CMS hasn’t heeded OIG’s recommendations in restructuring payment, watchdog agency says.

If you’ve found the last few years to be a wild reimbursement ride thanks to hospice payment reform, you may have more curves ahead of you.

The HHS Office of Inspector General reiterates in its newly released “Compendium of Unimplemented Recommendations” that it has “identified hospice billing patterns suggesting that Medicare’s current payment system may not align with the needs of hospice patients. We found that hospices might be targeting beneficiaries to achieve the greatest financial gains.”

The Centers for Medicare & Medicaid Services agreed with this conclusion, and implemented changes in January 2016 to address the problems, the OIG acknowledges. The new payment structure includes a higher base rate for the first 60 days and a Service Intensity Add-on for registered nurse and social worker visits that occur in the last seven days of life.

But “in OIG’s view, the new structure … does not resolve all aspects of our recommendation,” the report says. “OIG does not consider the new payment structure to be the best way to align payments with patient needs because it does not address the vulnerability of hospicestargeting beneficiaries to achieve the greatest financial gains.”
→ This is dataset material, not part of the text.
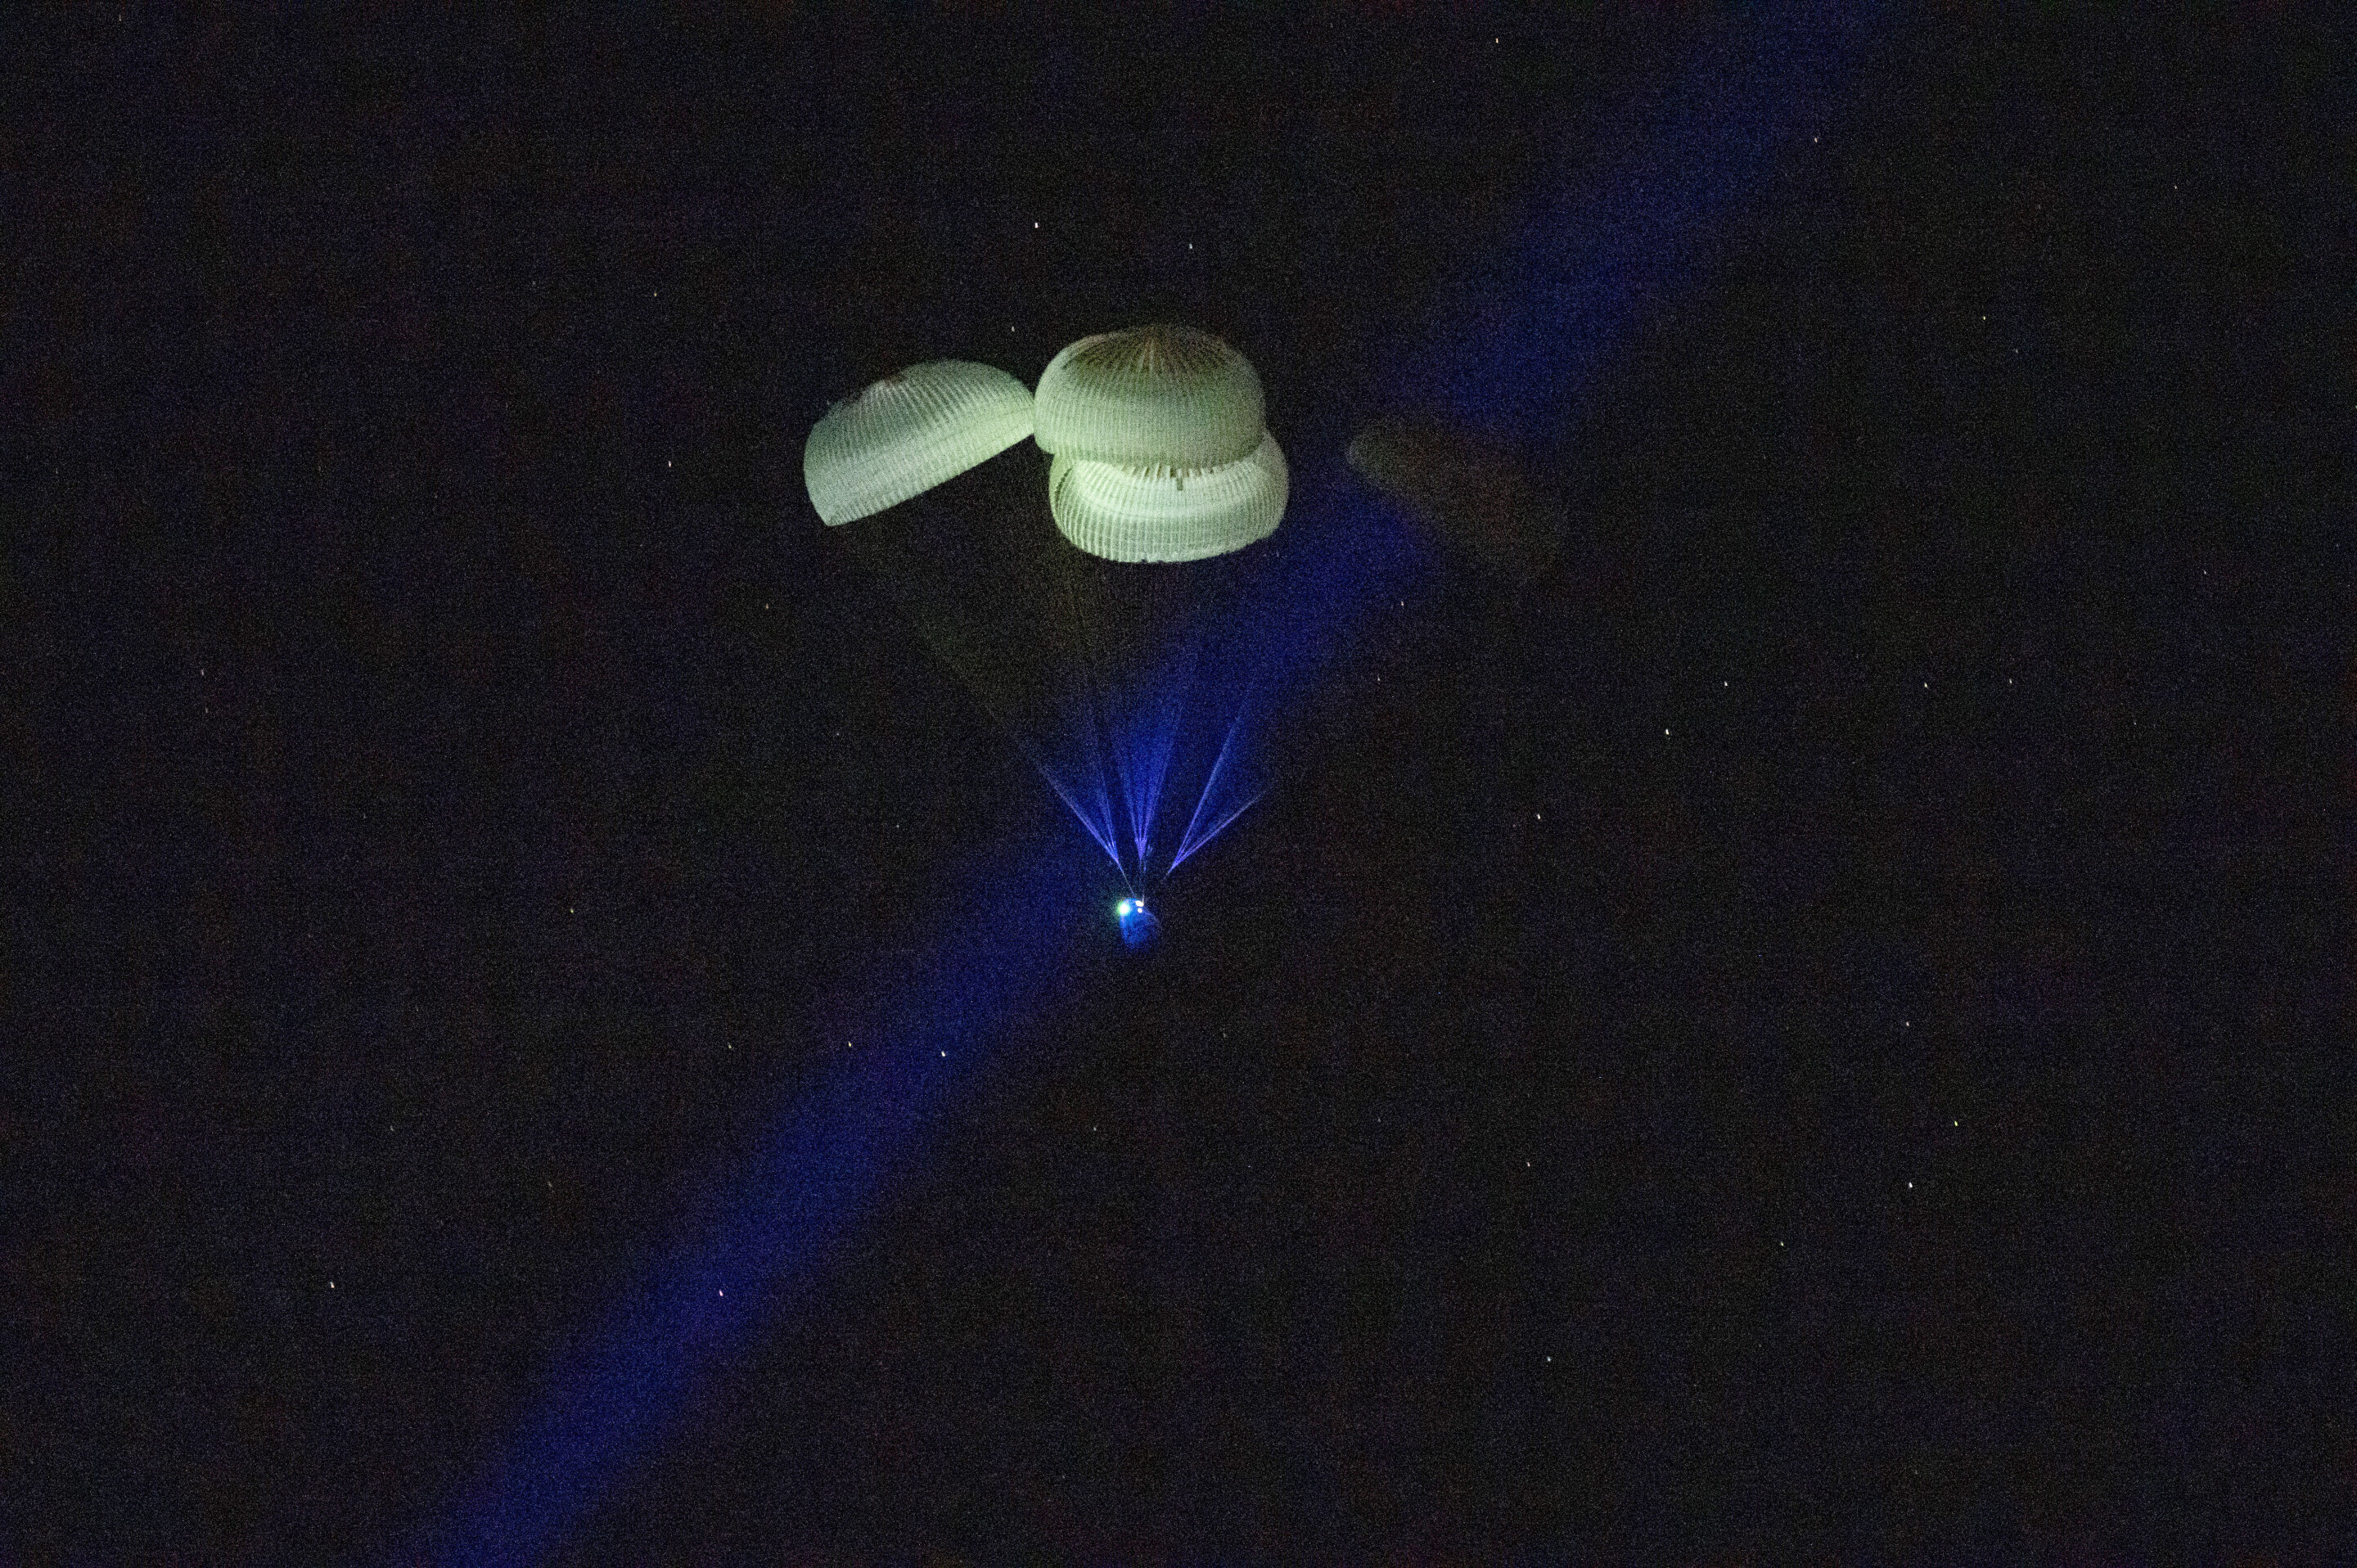 La cápsula de la nave espacial SpaceX Dragon Endurance, frenada por paracaídas, se acerca a la superficie de las aguas del Golfo de México frente a Tampa, Florida, mientras regresa a la Tierra con los ingenieros de vuelo de la Expedición 68 Anna Kikina de Roscosmos, Josh Cassada y Nicole Mann de la NASA, y Koichi Wakata de JAXA (Agencia de Exploración Aeroespacial de Japón) tras una misión de cinco meses en la Estación Espacial Internacional, el sábado 11 de marzo de 2023. Crédito: Keegan Barber/NASA vía AP

Areas ripe for cherry-picking are long-stay patients and benes in assisted living facilities, for example.

“CMS should consider options that tie the specific needs of the beneficiary to payment rates,” the OIG urges. In other words, a straight-up case mix system.

“In areas where billing incentives exist, CMS should improve oversight of incentivized behaviors, such as lengthened inpatient stays or increased billing by for-profit hospices,” the OIG continues.